The Father of Nephrology

The Man

Dr. Richard Bright was born September 28,1789 in Bristol, England. In the summer of 1810, following medical studies at the University of Edinburgh, he made a scientific expedition to Iceland. Upon his return, he began his prolific and prestigious association with Guy’s hospital in London.

Between the years of 1818 to 1820, Bright visited and consulted at clinics throughout Europe. In 1820, Bright was granted the title of Physician Extraordinary to Queen Victoria. Bright was also an accomplished writer and artist, publishing and illustrating many works related to medicine, and to his travels in general.

His Work With the Kidneys

Early in his medical career, Bright became fascinated with the function of the kidneys and performed many laboratory experiments to further his knowledge. His study of patients with protein in the urine, called albumin, resulted in diseases of the kidney with protein excretion being named Bright’s Disease.

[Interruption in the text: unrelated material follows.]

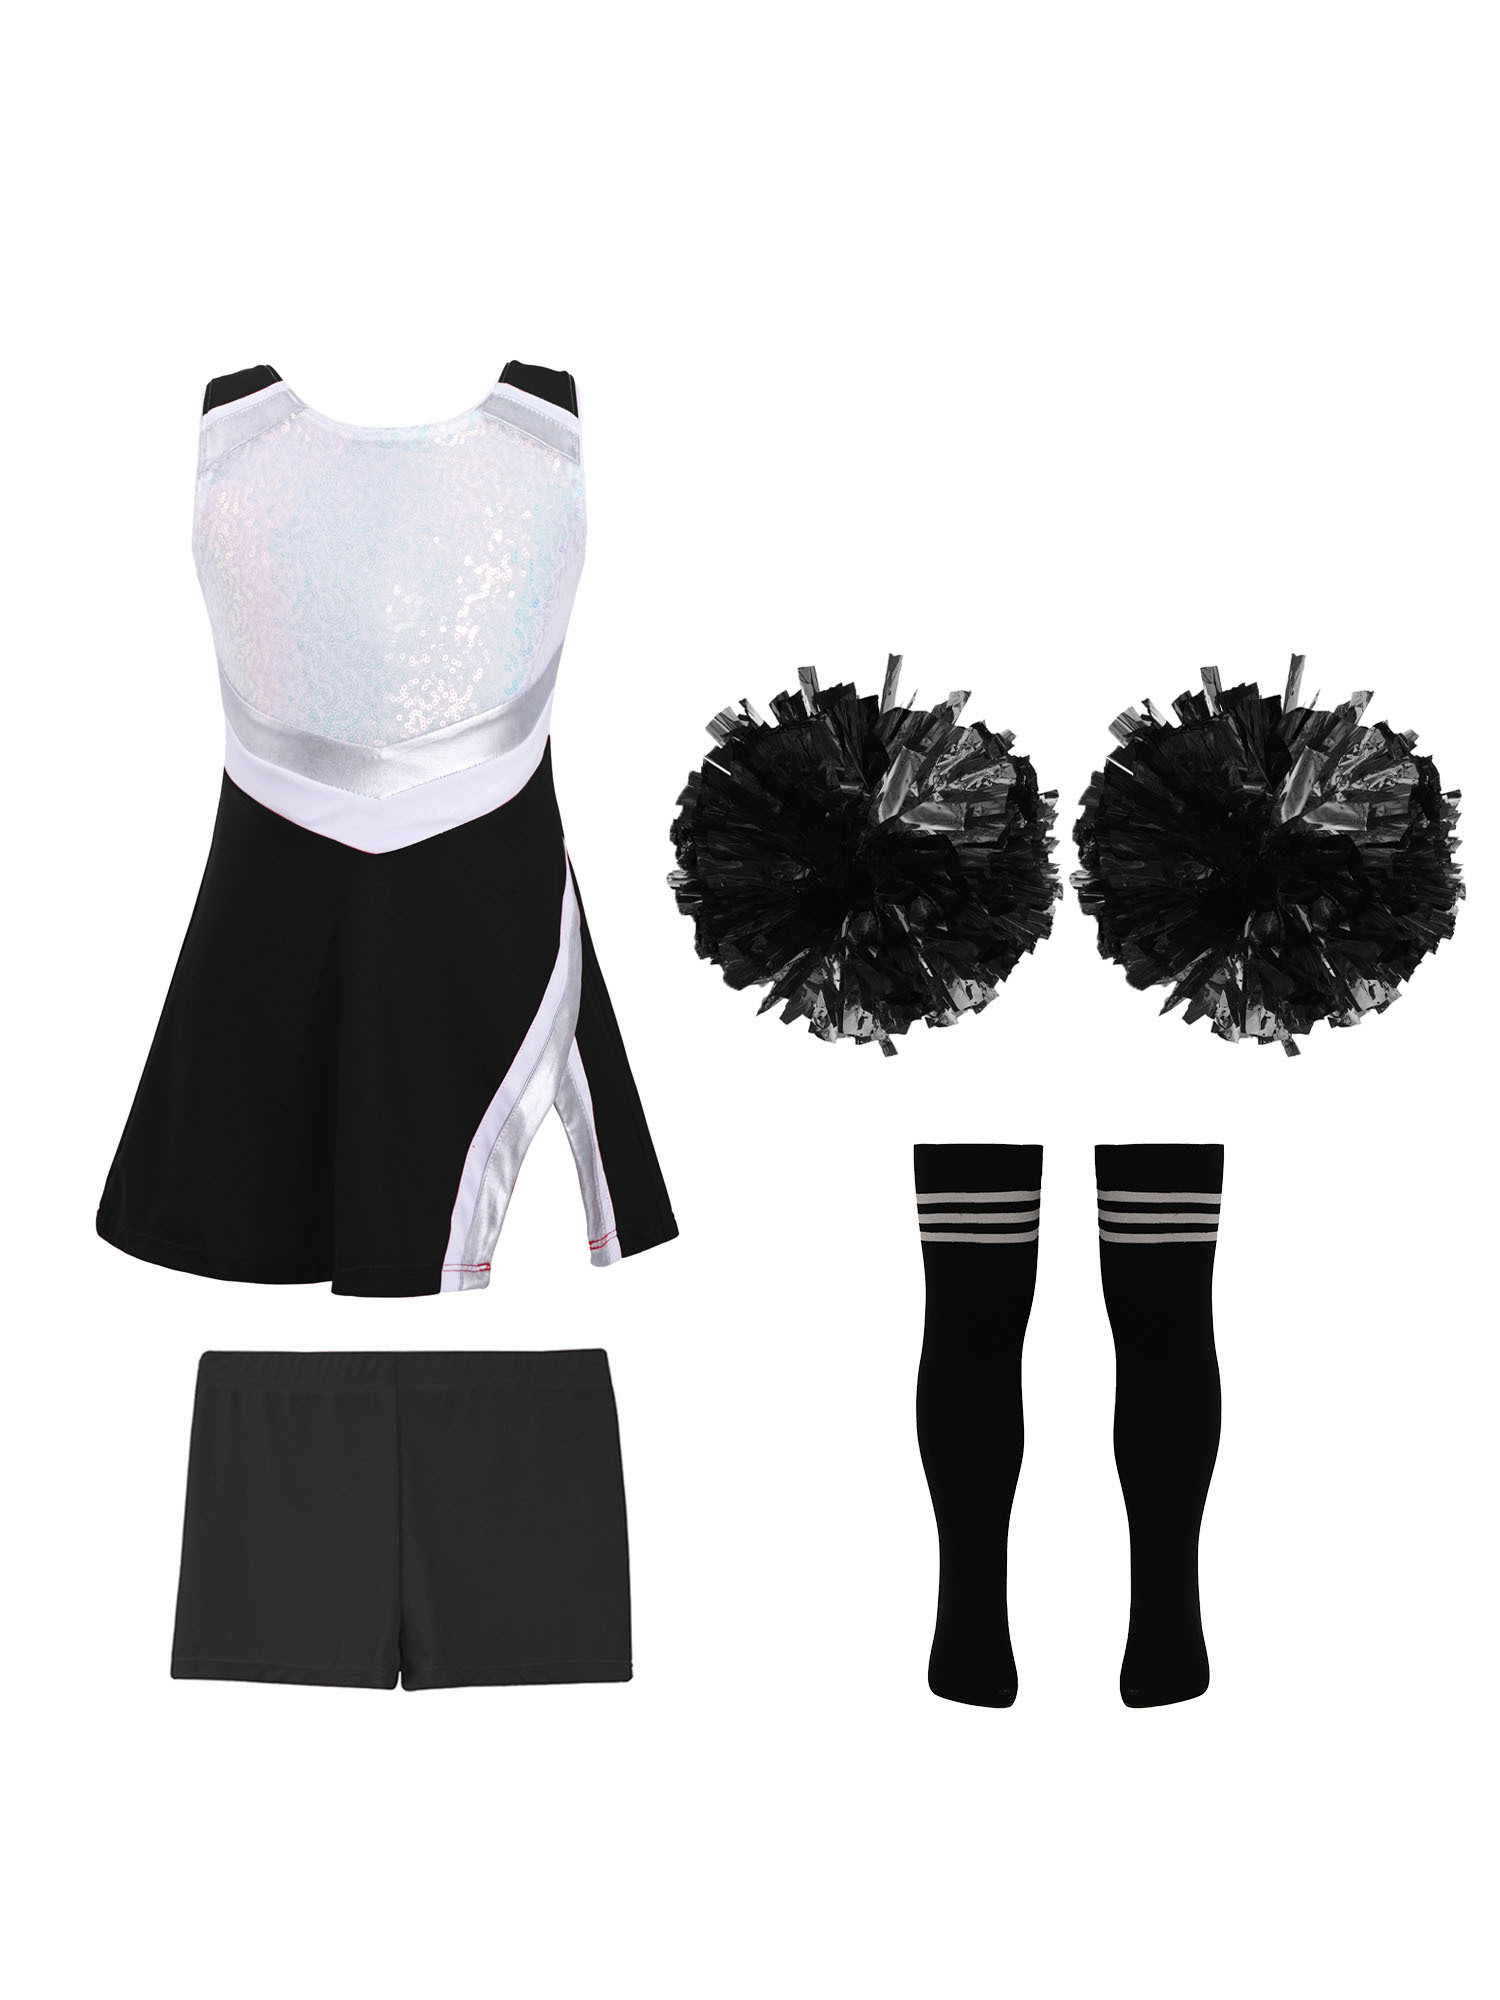 TiaoBug Kids Girls Cheer Leader Uniform Sports Games Cheerleading Dance Outfits Halloween Carnival Fancy Dress Up A Black&White-A 14 - image 1 of 5
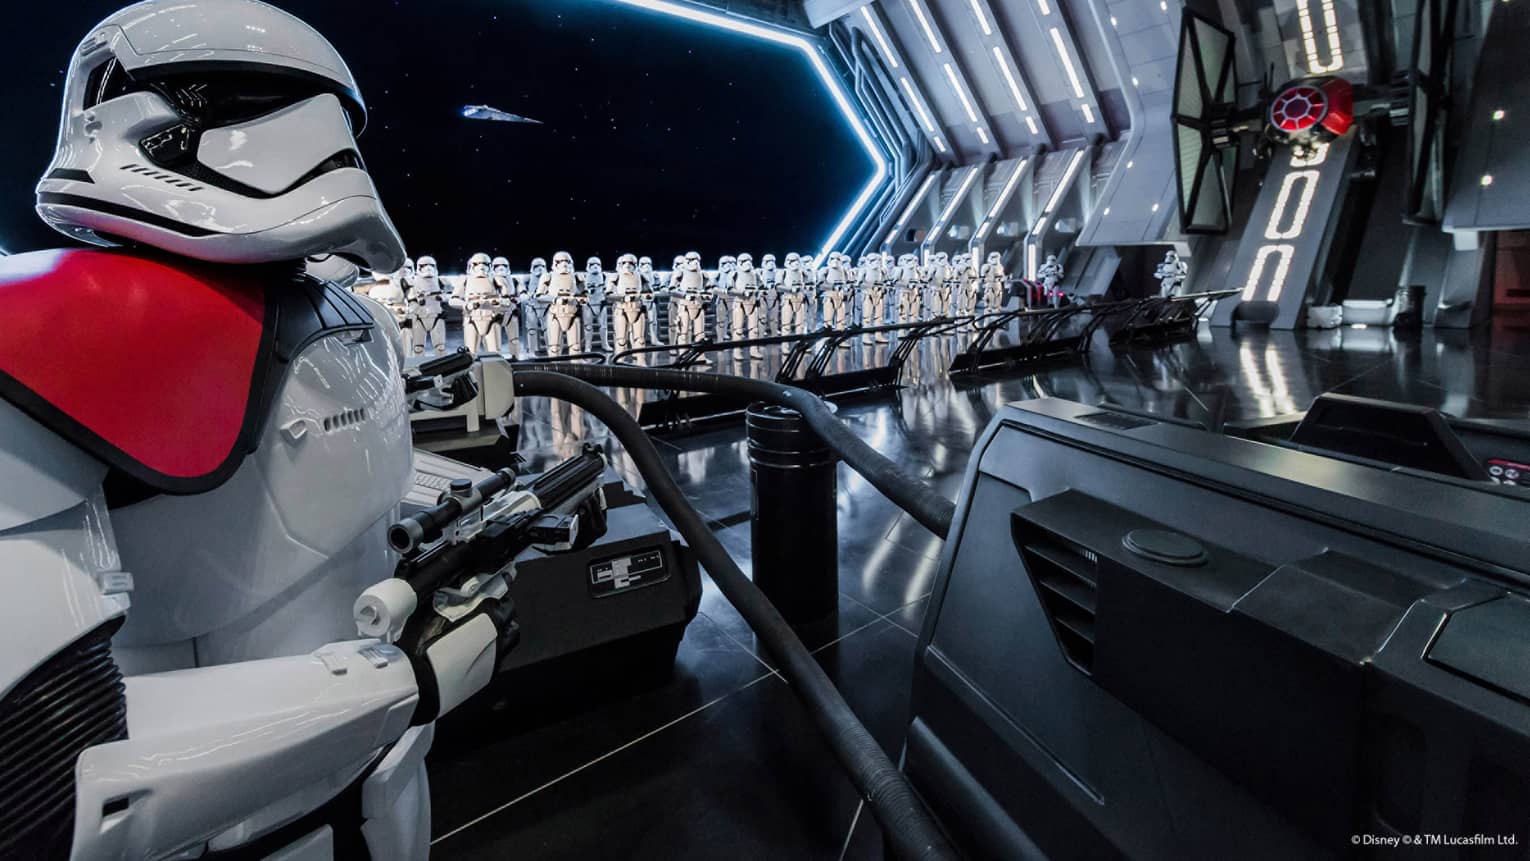 A stormtrooper in white armor is standing on the inside of a spaceship.

Dr. Bright continued to study kidney function. He had the first clinical experimental unit in England, and it was devoted to the study of nephrology; however, his work was not confined only to the renal system. He also voraciously studied the heart, lungs, and nervous systems. Dr. Bright was the first physician to distinguish the accumulation of fluid in the body-called edema-from diseases of cardiac, hepatic, and renal origins.

The Legacy

On December 16, 1858, Dr. Richard Bright died at the age of 69 from valvular heart disease. A dedication to his life’s work was erected at St. James’ Church in Piccadilly with the following quote:

“He contributed to medical science many discoveries and works of great value,

And died while in the full practice of his profession,

After a life of warm affection, unsullied purity, and great usefulness.”

What better could be said about a person’s contribution to the world than the preceding words? Dr. Bright left behind a legacy that will endure beyond the bounds of time. The knowledge that he discovered and shared almost 200 years ago is still being built upon today, carried out by the grandchildren of nephrology.